■ Exercise description: An exact copy of the lines of the listing below between the "Directives Declaration of Conformity to European Directives" line and the "Jo Loves A home" line, both included, is the whole answer; please omit the pictures.

■ Data supplied:
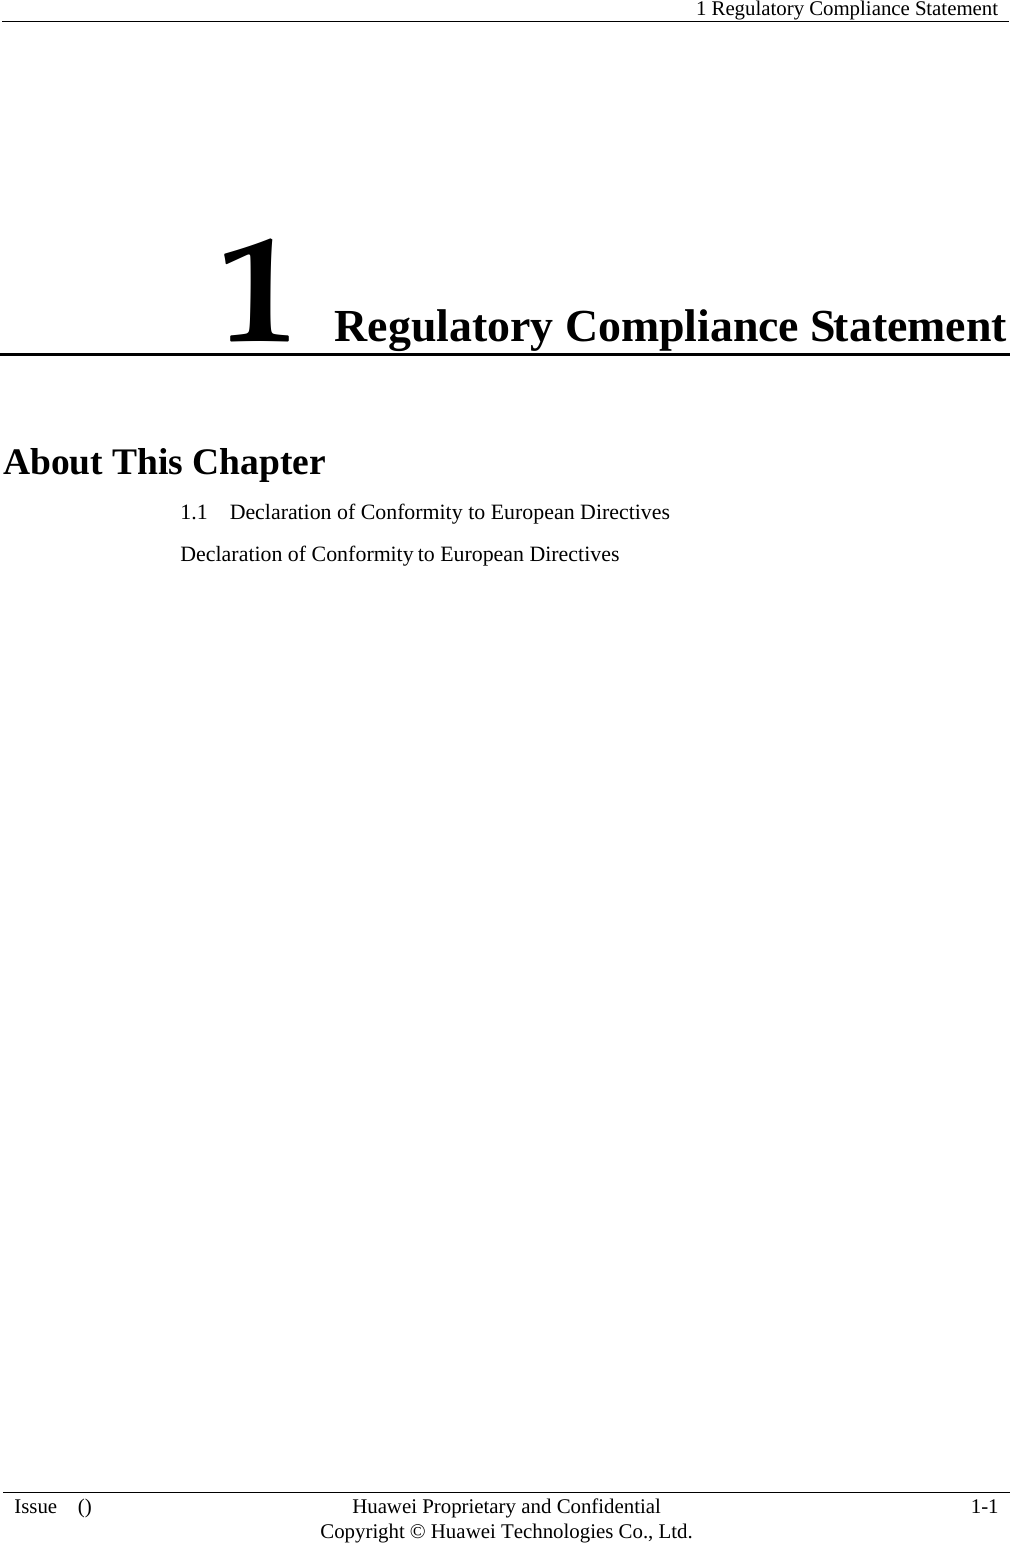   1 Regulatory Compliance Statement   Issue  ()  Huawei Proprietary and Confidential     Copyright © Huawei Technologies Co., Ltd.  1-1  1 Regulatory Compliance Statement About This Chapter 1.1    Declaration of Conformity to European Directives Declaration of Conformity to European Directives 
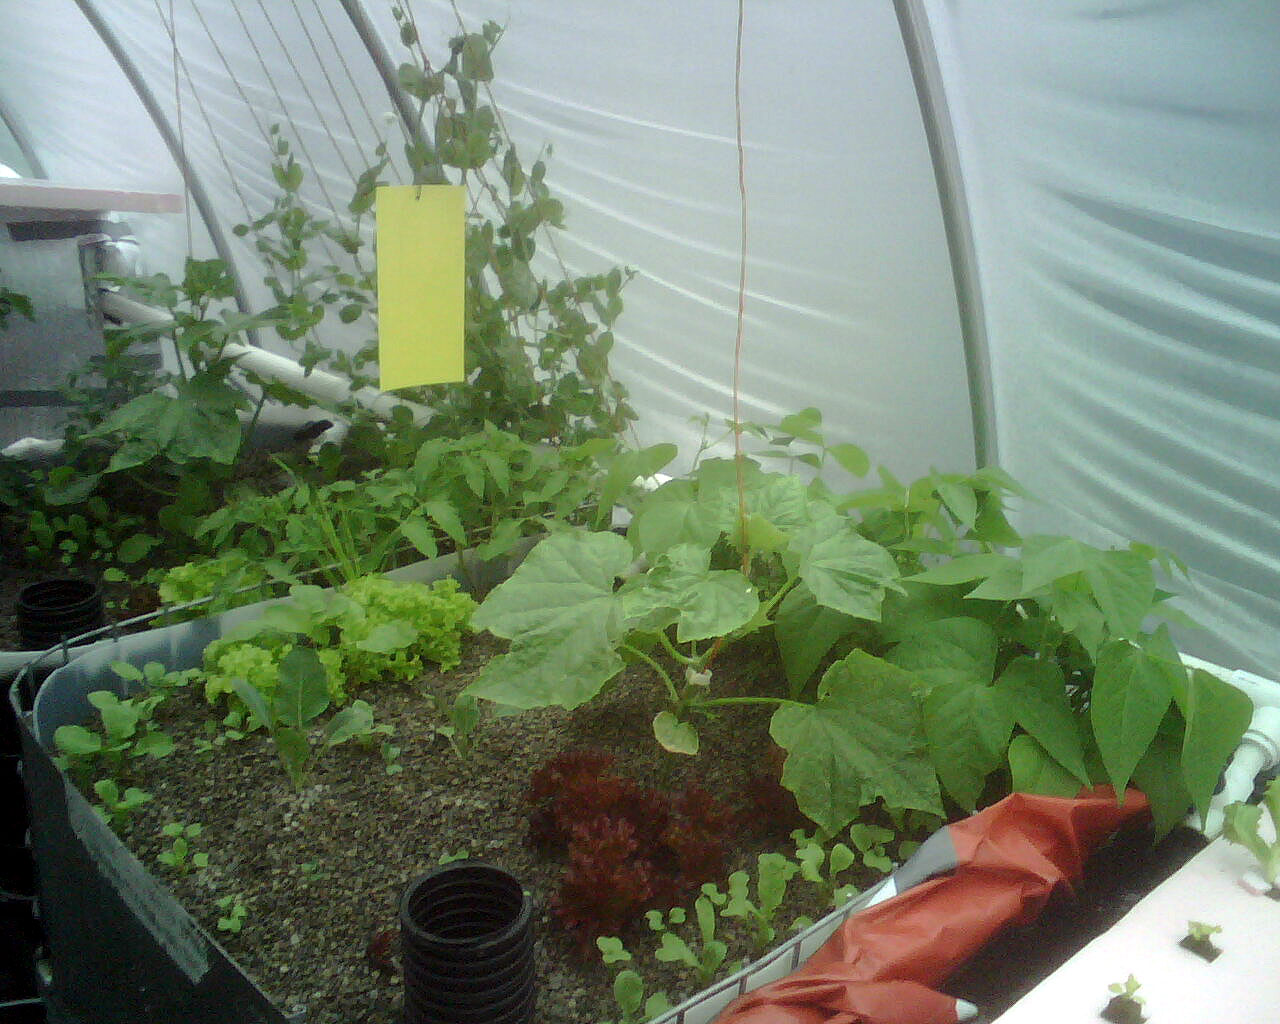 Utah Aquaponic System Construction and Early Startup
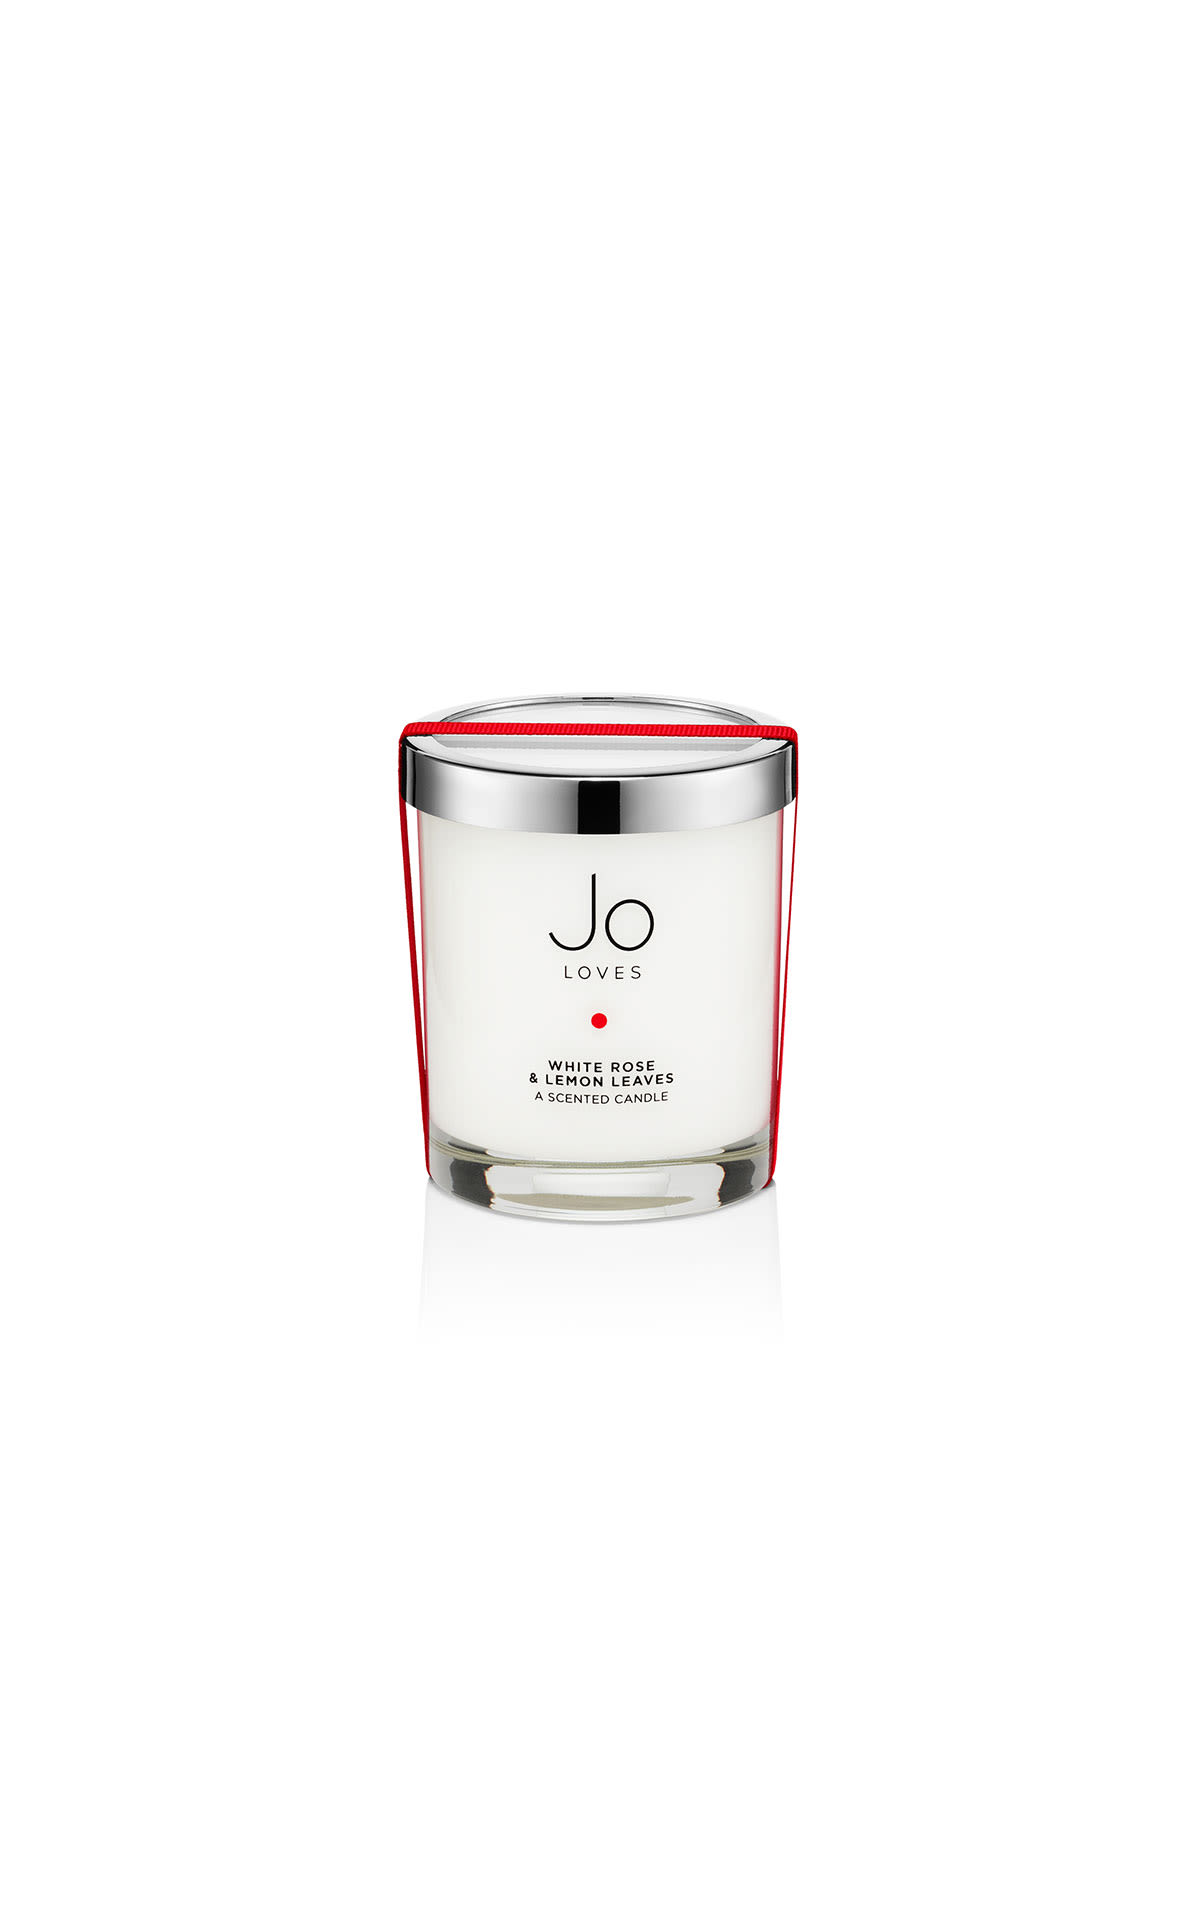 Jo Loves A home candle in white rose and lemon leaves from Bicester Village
* * *
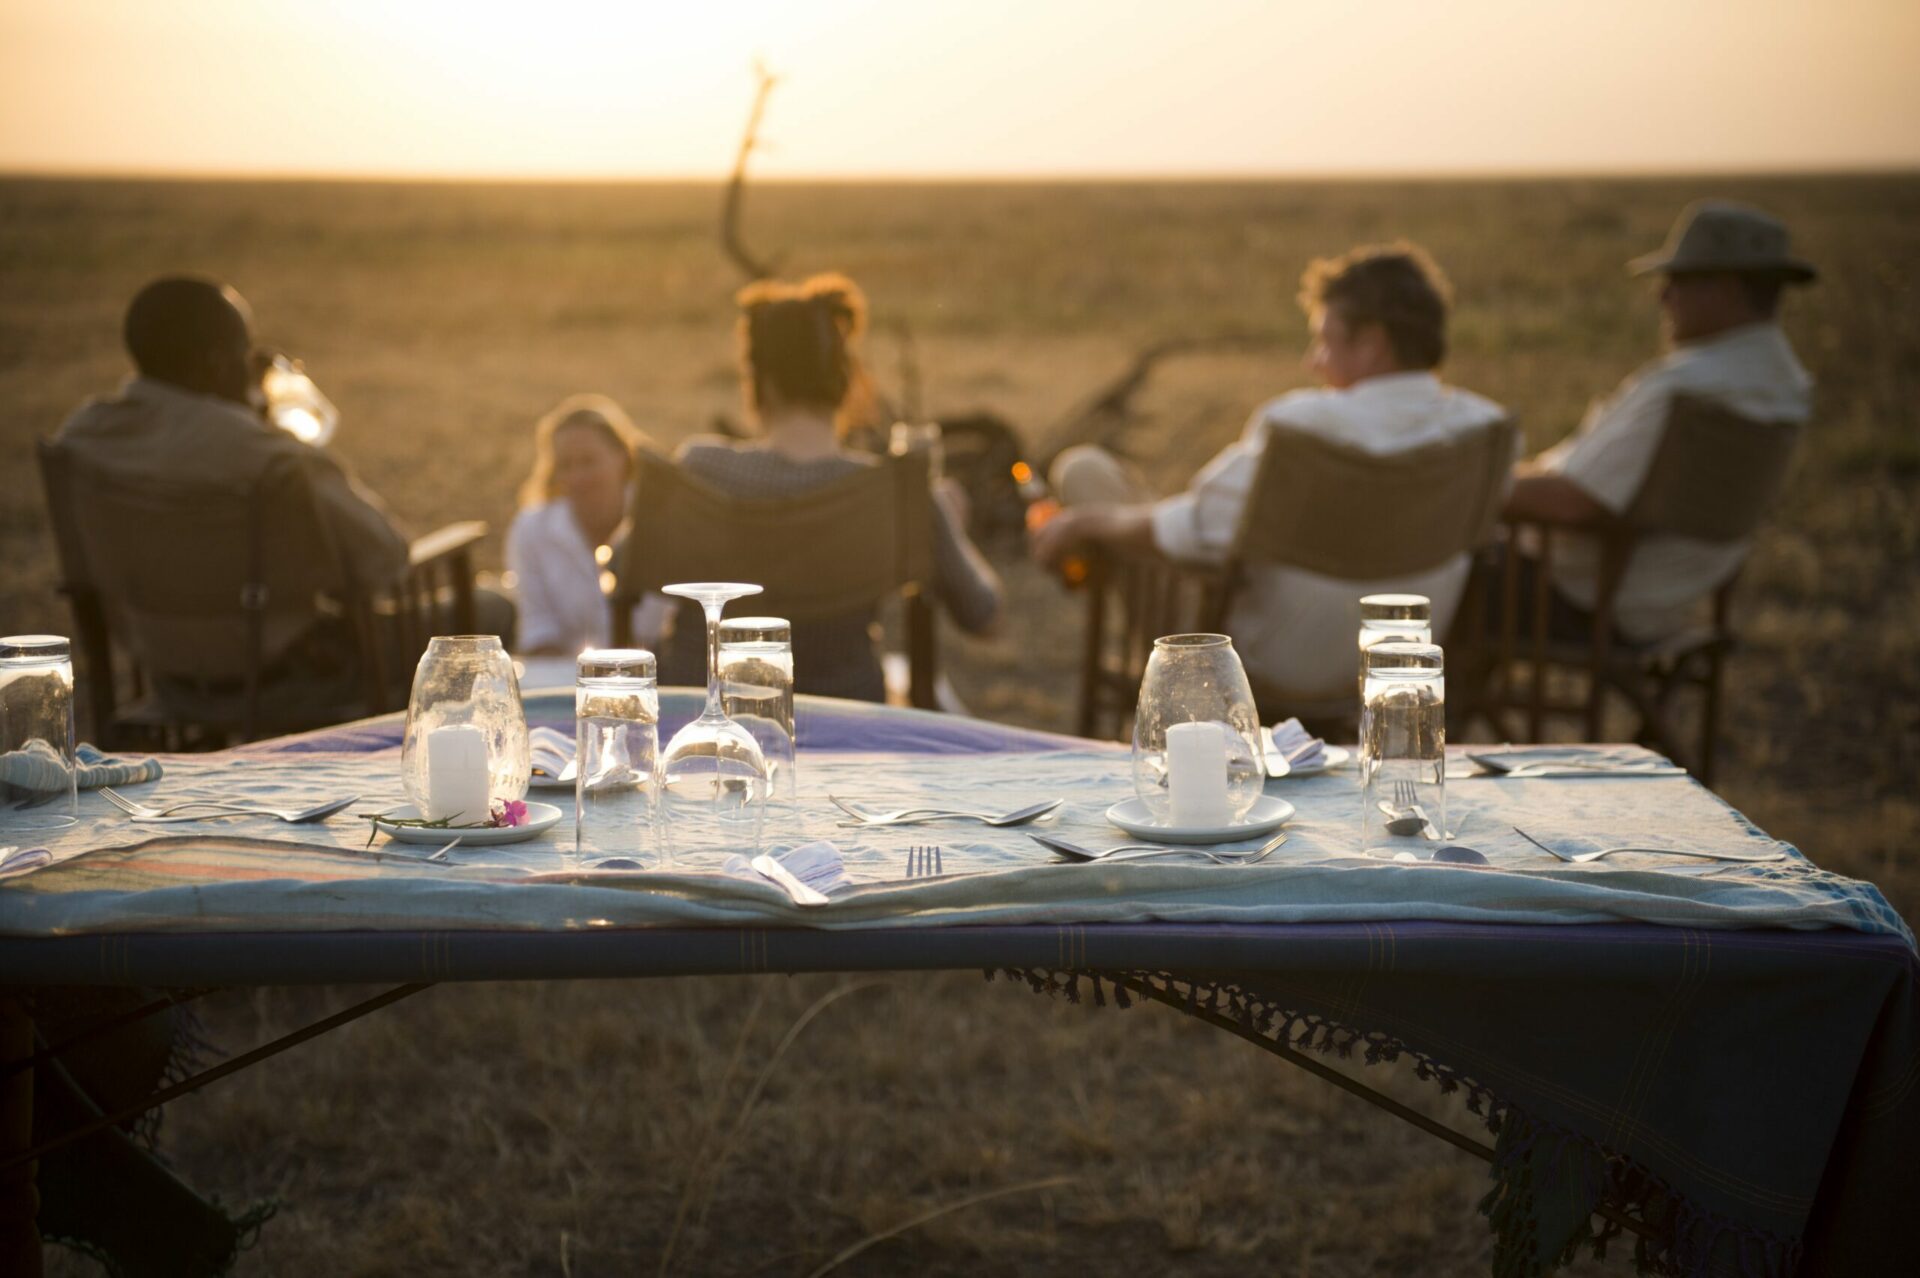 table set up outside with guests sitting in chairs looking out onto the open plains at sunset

■ Solution for this task:
   1 Regulatory Compliance Statement   Issue  ()  Huawei Proprietary and Confidential     Copyright © Huawei Technologies Co., Ltd.  1-1  1 Regulatory Compliance Statement About This Chapter 1.1    Declaration of Conformity to European Directives Declaration of Conformity to European Directives 
 Utah Aquaponic System Construction and Early Startup
 Jo Loves A home candle in white rose and lemon leaves from Bicester Village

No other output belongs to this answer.